Tax tips for new taxpayers

Lodging your first income tax return can be daunting. Let us help you get ready

Lodge a return

You can lodge your tax return online using myTax, through a registered tax agent or using a paper return. If you’re preparing and lodging your own tax return, you have until Monday 31 October.

It may be useful for you to go over the process with an accountant or tax agent with your first return, and ask all the questions you need answers for, so that you have a better understanding of the entire process before trying to do it yourself ‘the next time’.

If you’re using a tax agent, you need to contact them before 31 October to take advantage of extended due dates.

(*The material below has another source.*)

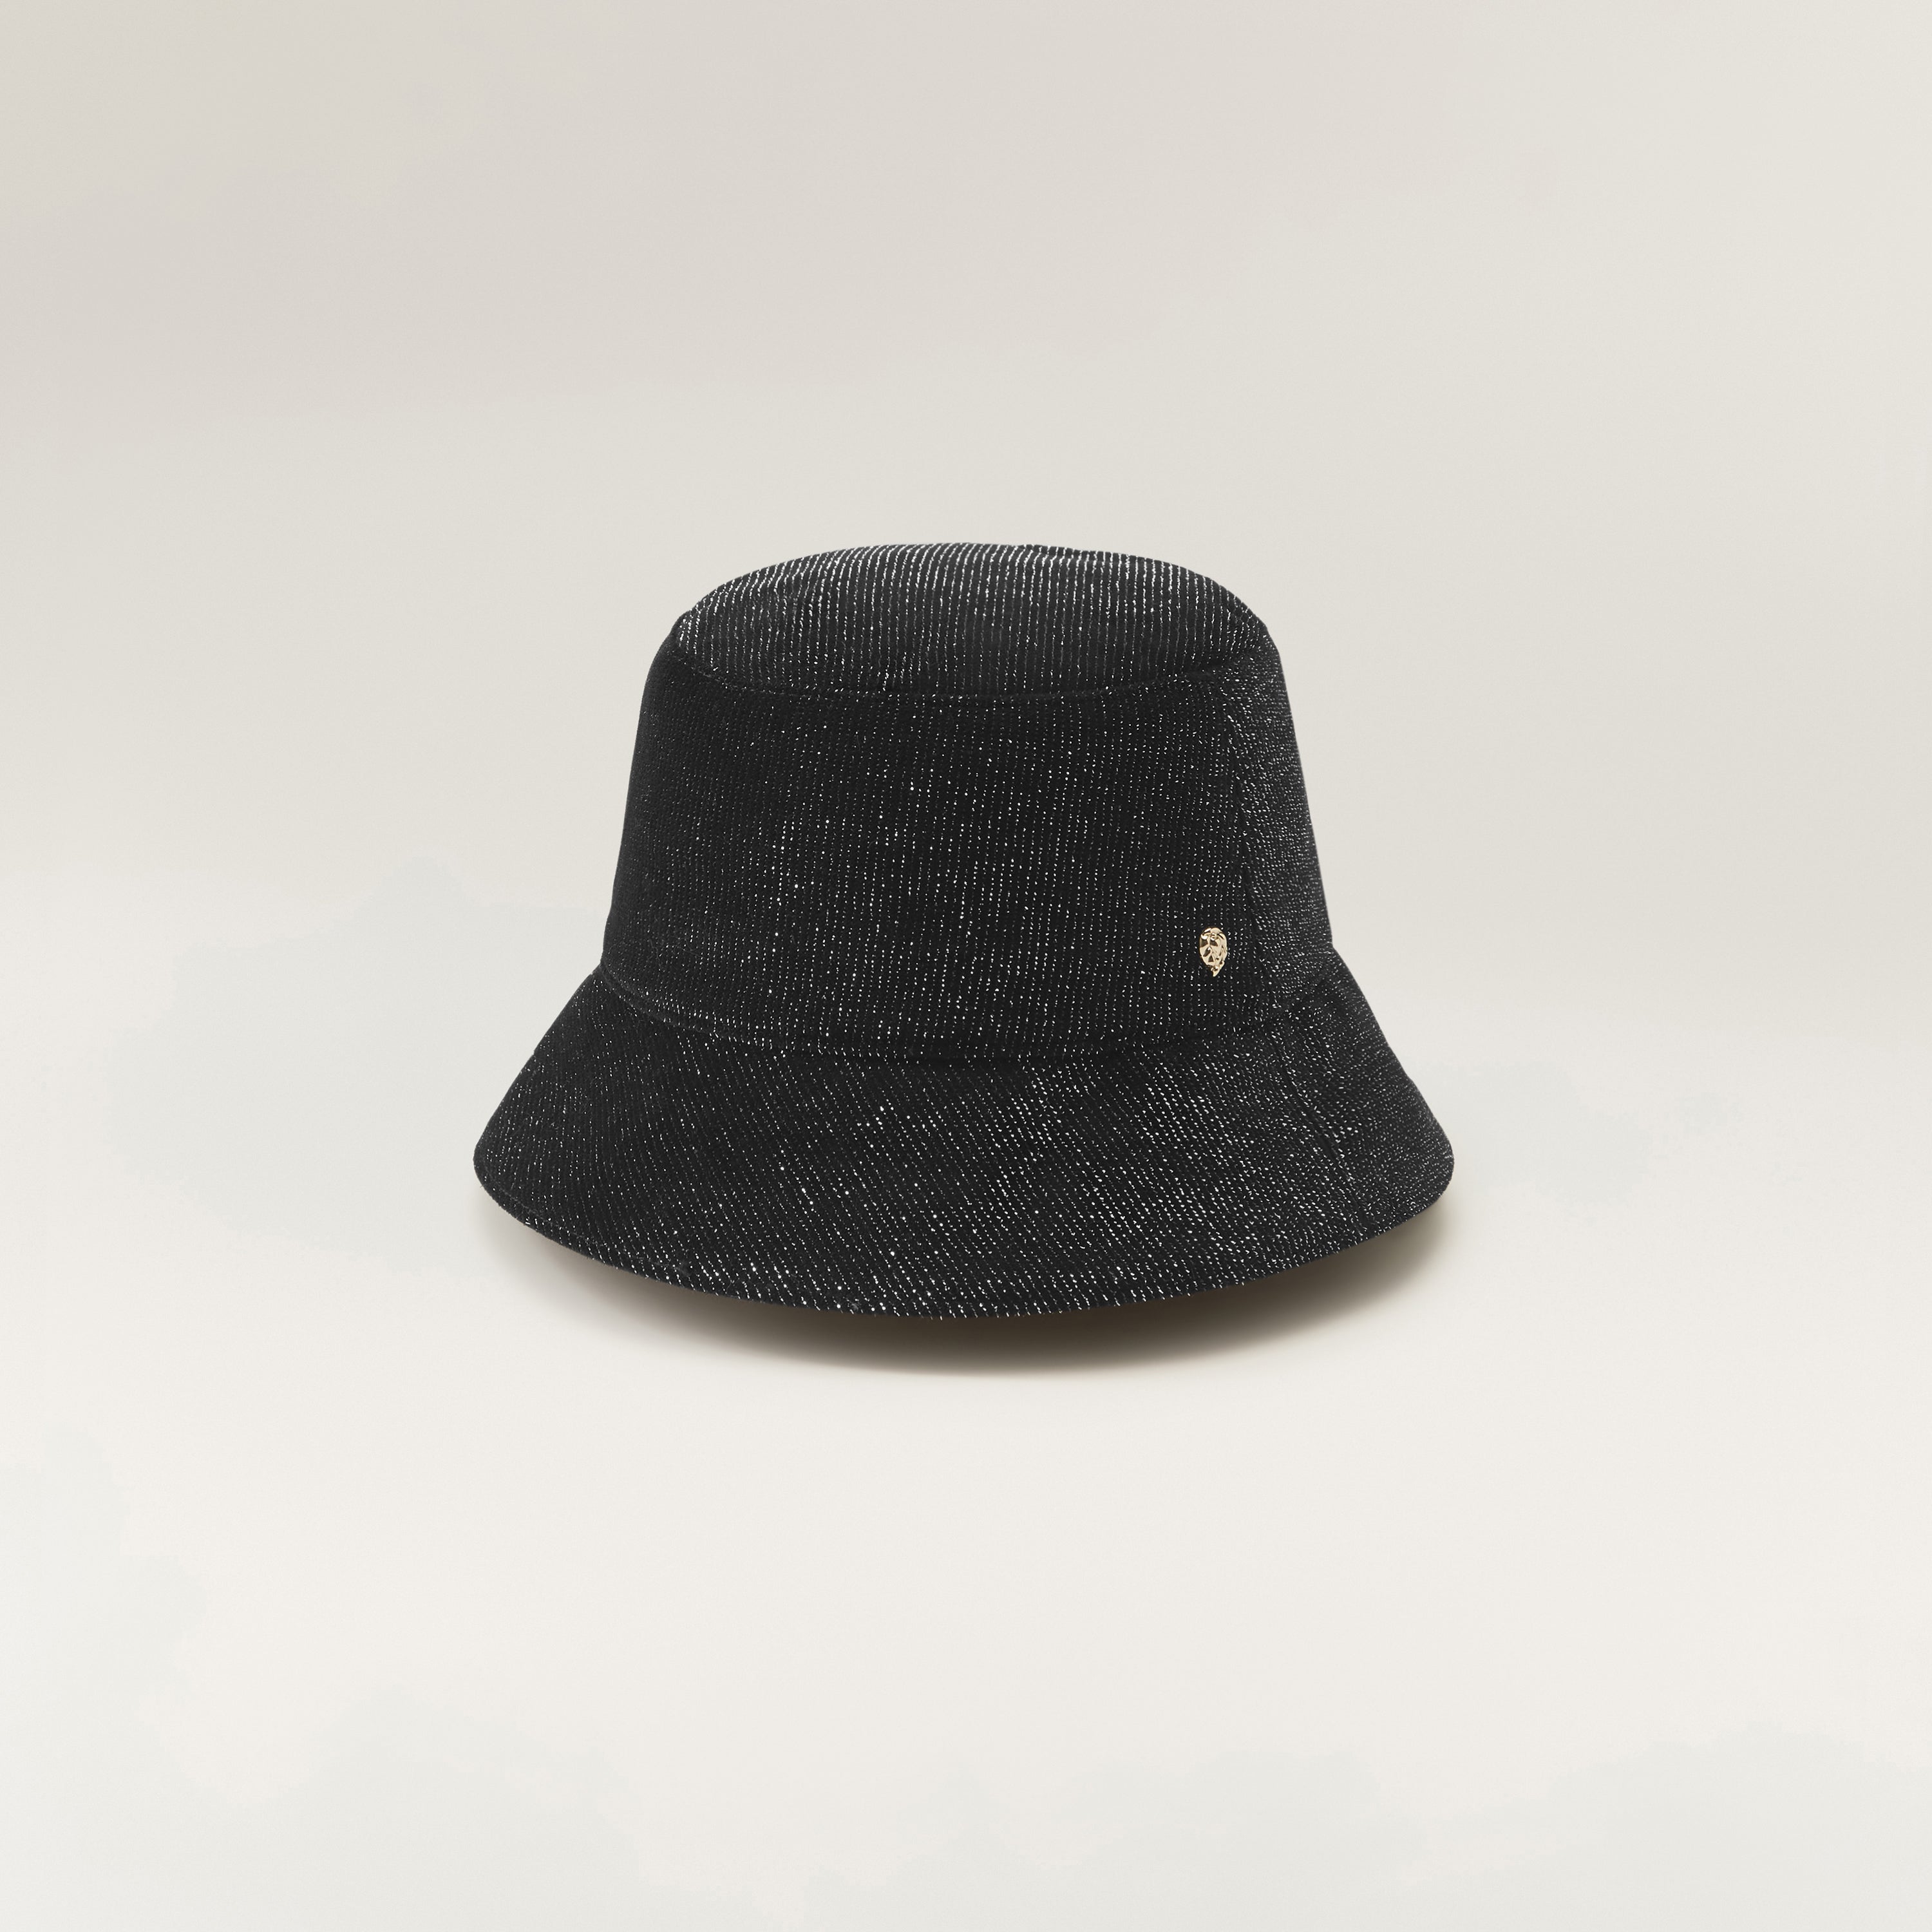 Helen Kaminski AU Official Site | Hats, Bags & Accessories

If you haven’t lodged your 2021 or earlier tax returns yet, it’s important to get up to date as soon as possible to avoid penalties

Get your refund

If your total taxable income for the year ended 30 June 2022 is below the tax-free threshold of $18,200, you may not need to lodge an income tax return. Due to the low-income tax offset and low-and-middle income tax offset, the effective tax-free threshold is $25,436.

However, if you have had tax withheld from your income during the year including from your wages, you must lodge a tax return to get these amounts refunded to you. Check that your income statement shows all your earnings and the amount of tax taken out, as well as superannuation payments if you’re entitled.

Set up your MyGov account

If you haven’t already, you should set up your myGovID and myGov account. You can then link government services, including the ATO, to your account. 

Most employers will send your income statement via myGov. You will also be able to see your superannuation information there as well. 

If you use a tax agent, they’ll be able to access this information for you.

Your income and expense

To figure out whether you need to lodge a tax return, identify all sources of income for the year. A lot of this information will be prefilled for you by the ATO by mid-August. This will save you time and means you’ll be less likely to leave something out.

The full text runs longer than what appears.